Now, universities like CMU and MIT dares to fail their students who cannot make it, that’s why they are all the way up there. They know they have standards to keep. That is why employers dare to hire from their schools, and why employers are hesitant when hiring NUS programmers.
Professors like Chris Boesch from SMU are very good examples. They care for their students, and are open to new ideas on how to contribute and improve the community. In fact, Chris is the founder of Singpath, a platform that we at NUSHackers used at CodeCom 2011. These professors are often in contact with the real world, either through open source projects or geek events. Hence, they have a good idea of what is going on the ground.

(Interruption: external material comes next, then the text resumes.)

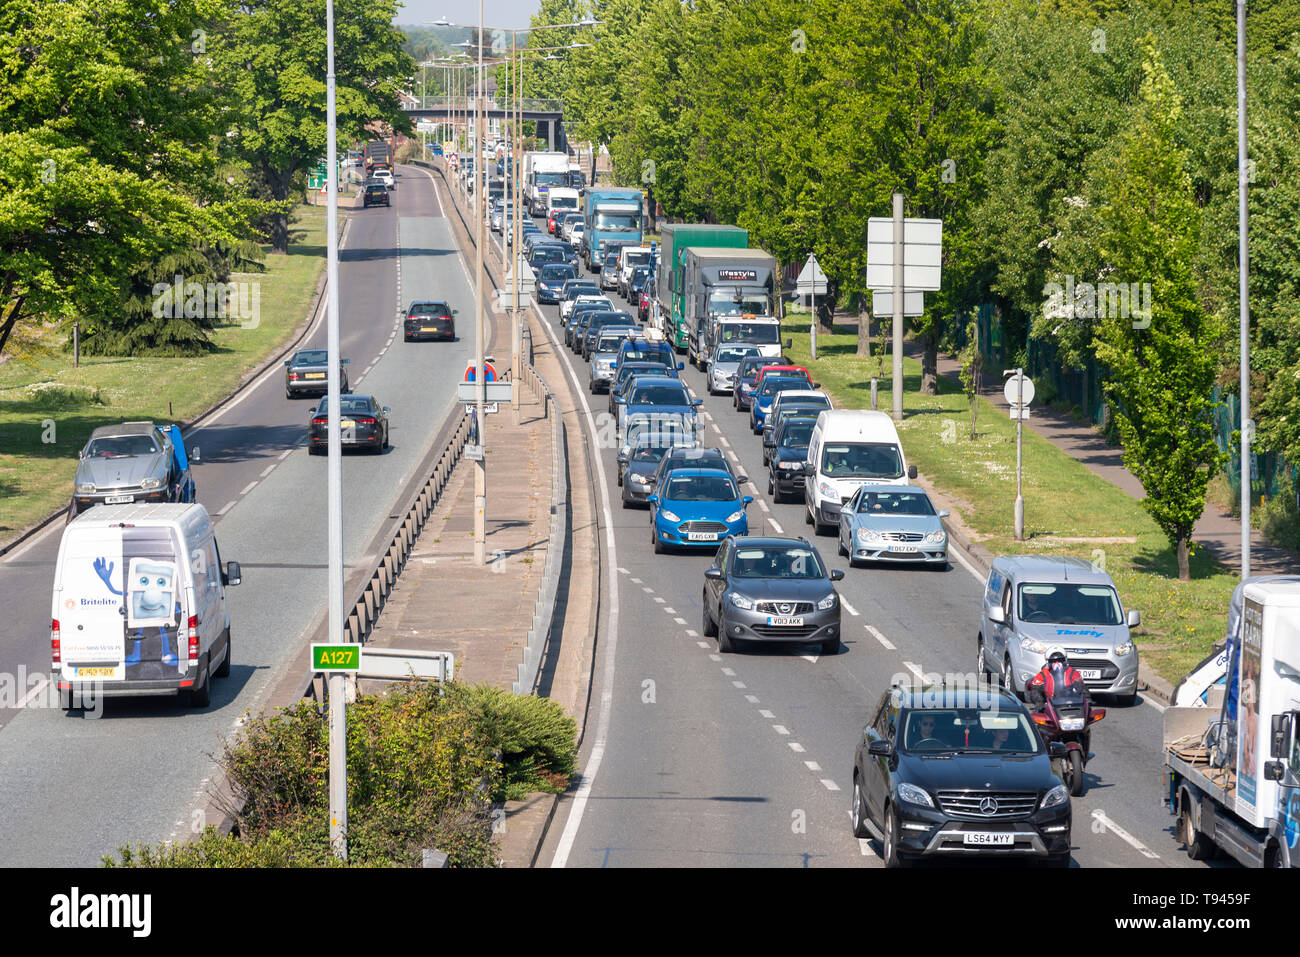 Colas de tráfico en la A127 hacia Southend on Mar, Essex, Reino Unido en un día soleado. Prince Avenue en el Bell junction. Carretera transitada. Hold up Foto de stock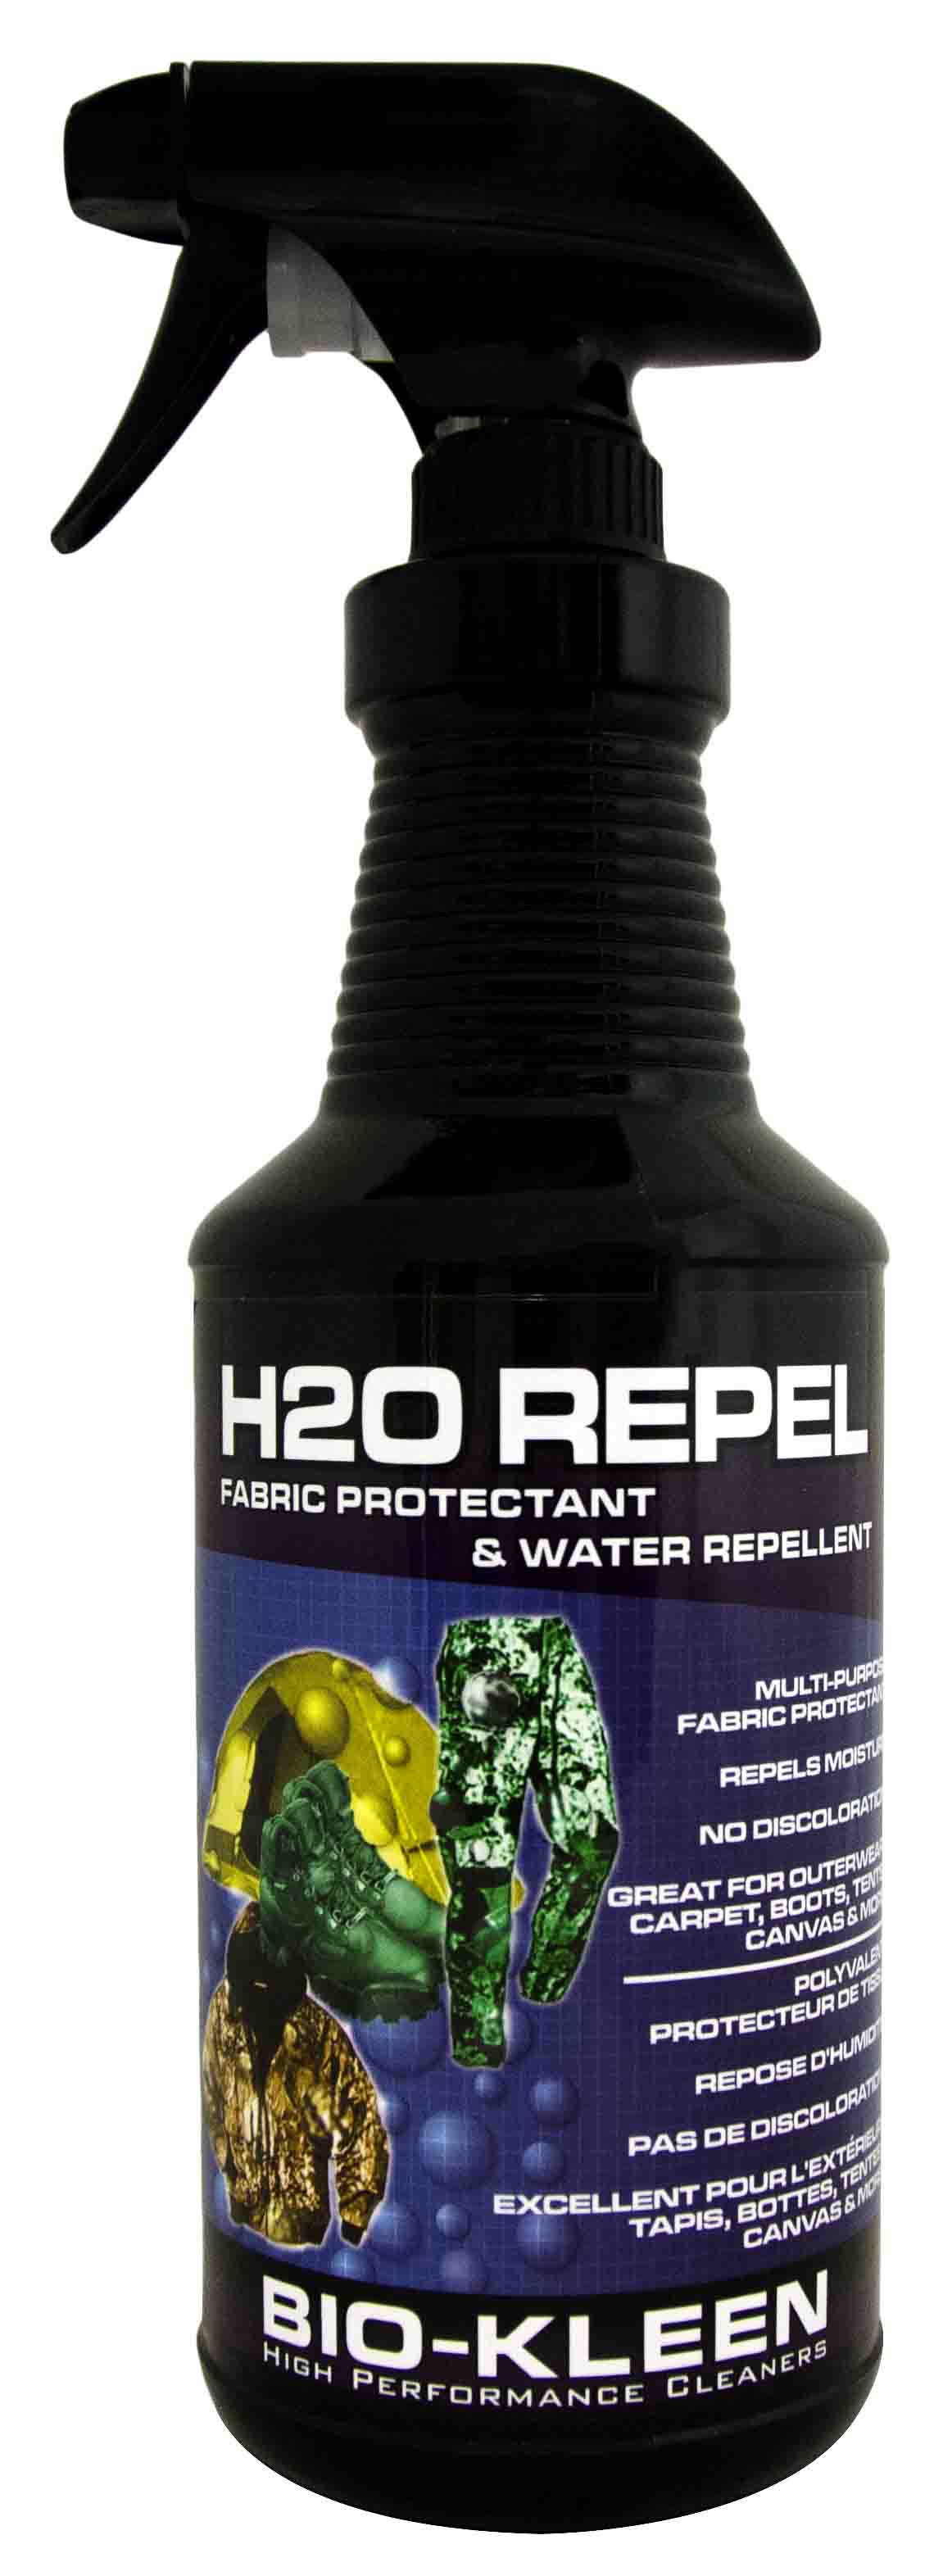 water repellant hccke water repellent coating

Many of the professors are more interested in research than teaching. Let them do the research, and leave teaching to ppl who want to. And allow people with the skills to come in and teach, without forcing them to do research.
Of course, it is unlikely that these stuff will ever happen. They are not willing to sacrifice the funding for their research, and even if they are willing to, few of the have the balls and the guts to sit down in front of the dean, and tell him that there is a problem on the ground. The only thing that can happen for now, is that the hackers actively come out and signup for the teaching staff of those introductory programming modules, and try to make a difference, one by one.